The configuration information DB 108 stores configuration information related to the devices A to C. For example, as shown in FIG. 5, the configuration information records the configuration device and the S / W and S / W versions operating on the device. The target device determination unit 102 performs a step of determining whether or not a vulnerable device is used in the monitored system 200 from the notified new vulnerability information and configuration information (step S103). If a vulnerable device is used in the determination, the device being used is determined as the target device, and the vulnerability information and the target device are notified to the detection rule determination unit 103. In the vulnerability information shown in FIG. 4 and the configuration information shown in FIG. 5, since the S / W (HogeSoft Ver1.1) targeted for the vulnerability is operating in the device A, the device A is vulnerable. It is judged as a certain target device. If the vulnerable device is not used, the update operation is terminated without updating the execution cycle.

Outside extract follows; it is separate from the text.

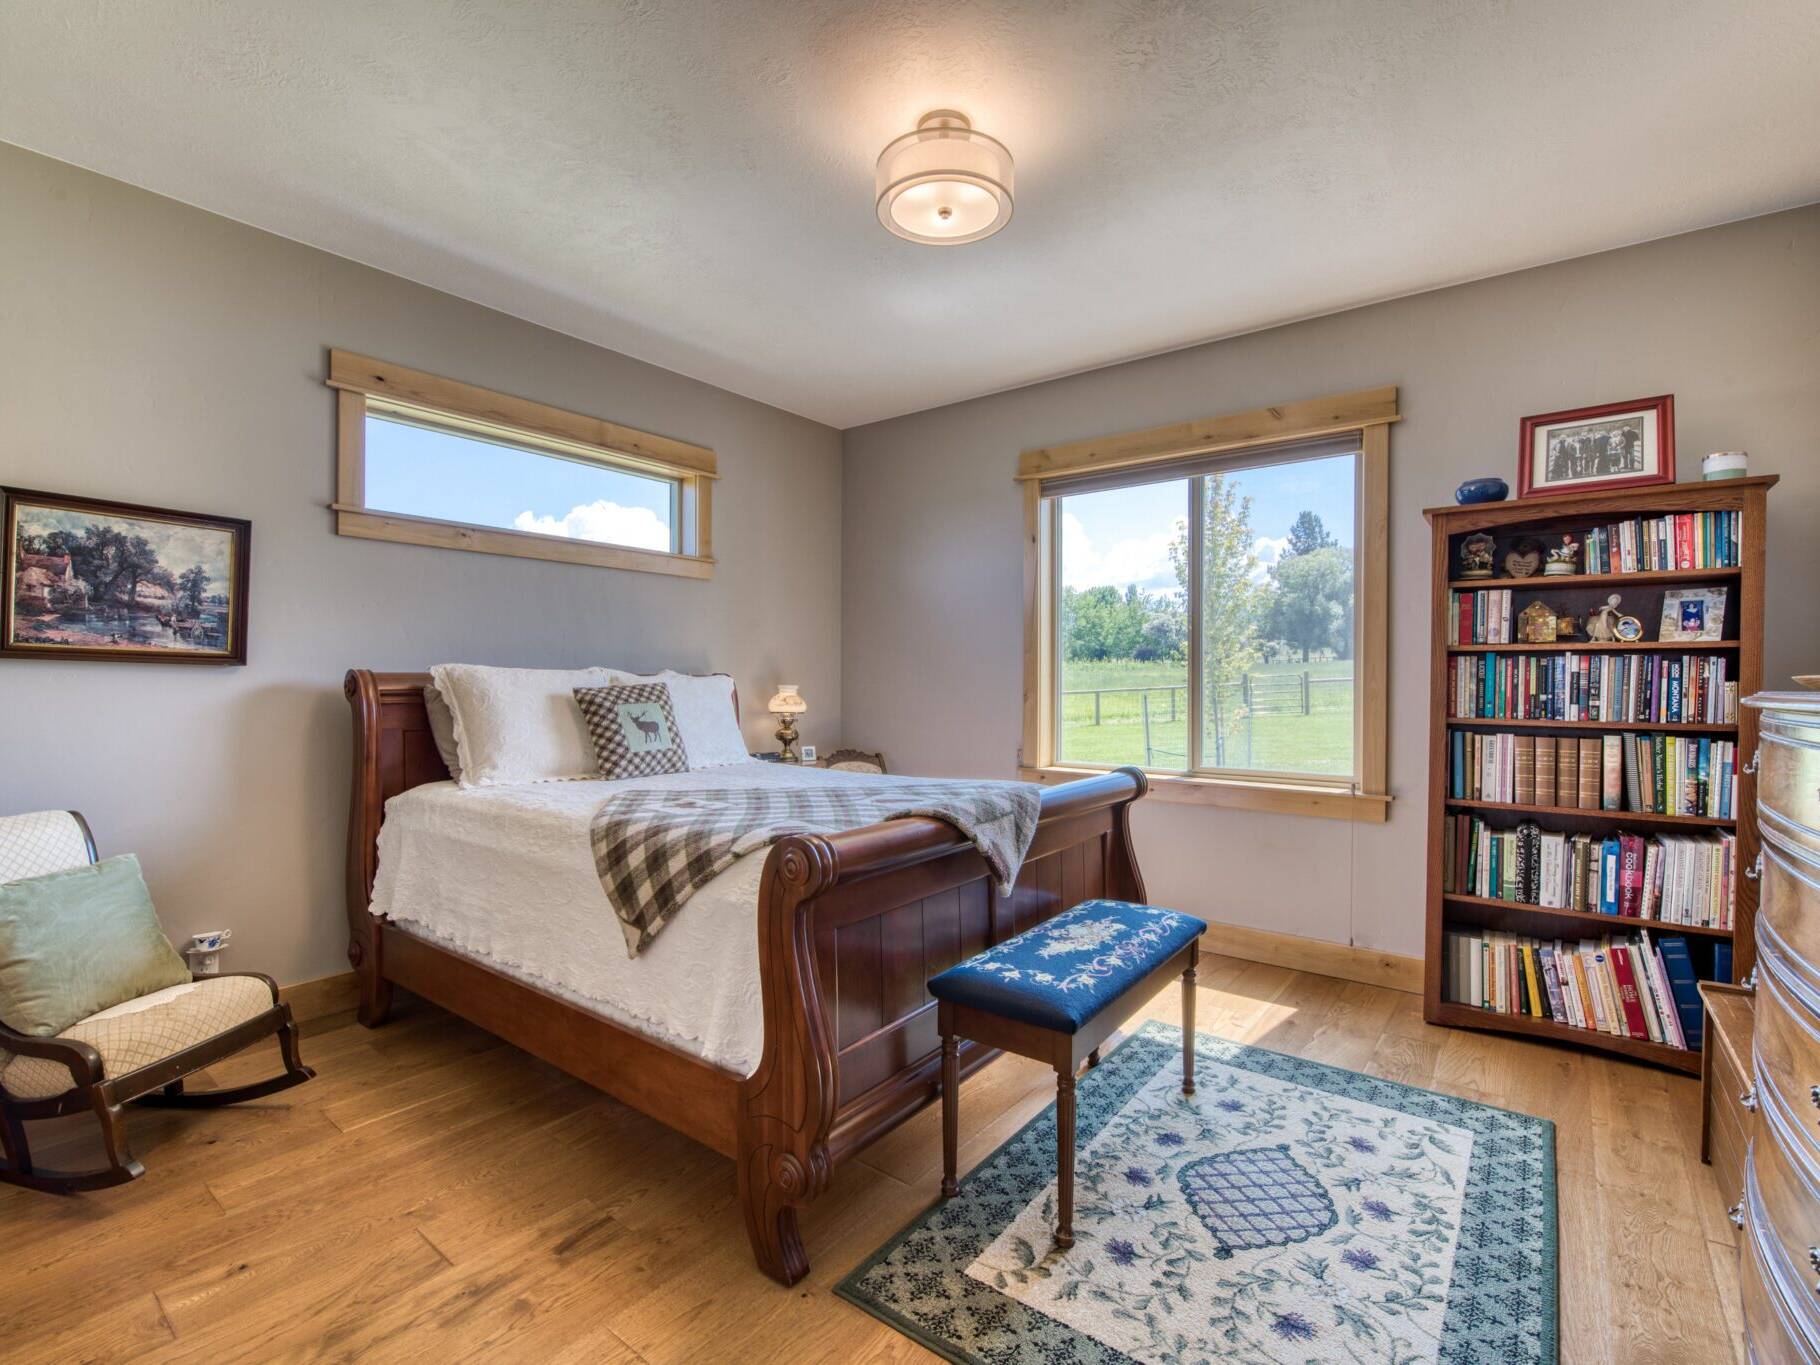 Guest bedroom in a custom home built by Big Sky Builders in Stevensville, MT

The detection rule determination unit 103 compares the target device and the devices A to C from the notified determination result of the target device determination unit 102 and the detection rule stored in the detection rule DB 109, and determines a detection rule that matches these. A step of determining as a related detection rule is performed (step S104). As shown in FIG. 6, for example, the detection rule records the conditions for correlation analysis between the device A and the log of the device A. Examples of the conditions for the correlation analysis include, but are not limited to, the number of login failures n times (the n value is determined when the condition is set), or the log a 5 times in a row and then the log b. If there is a related detection rule in the determination, the vulnerability information is notified to the risk value calculation unit 104. Here, the target device is the device A, and in the detection rule shown in FIG. 6, the constituent devices are the device A and both are the same as the device A. Therefore, the detection rule determination unit 103 uses the detection rule of FIG. 6 as the related detection rule. The determination is made and the risk value calculation unit 104 is notified. If there is no related detection rule, the update operation is terminated without updating the execution cycle.

The risk value calculation unit 104 calculates the risk value of the vulnerability from the notified vulnerability information, and performs a step of notifying the calculated risk value to the execution cycle update unit 105 (step S105). For example, as a method of calculating a risk value, as shown in FIG. 7, there is a method of converting an item of the degree of impact included in the vulnerability information into a risk value according to the degree of impact. Here, the greater the degree of influence, the larger the natural number is given as the risk value. Further, in FIG. 7, the risk value is set to three stages of 1 to 3, but the risk value is not limited to this, and may be further changed to a plurality of stages according to the monitored system 200.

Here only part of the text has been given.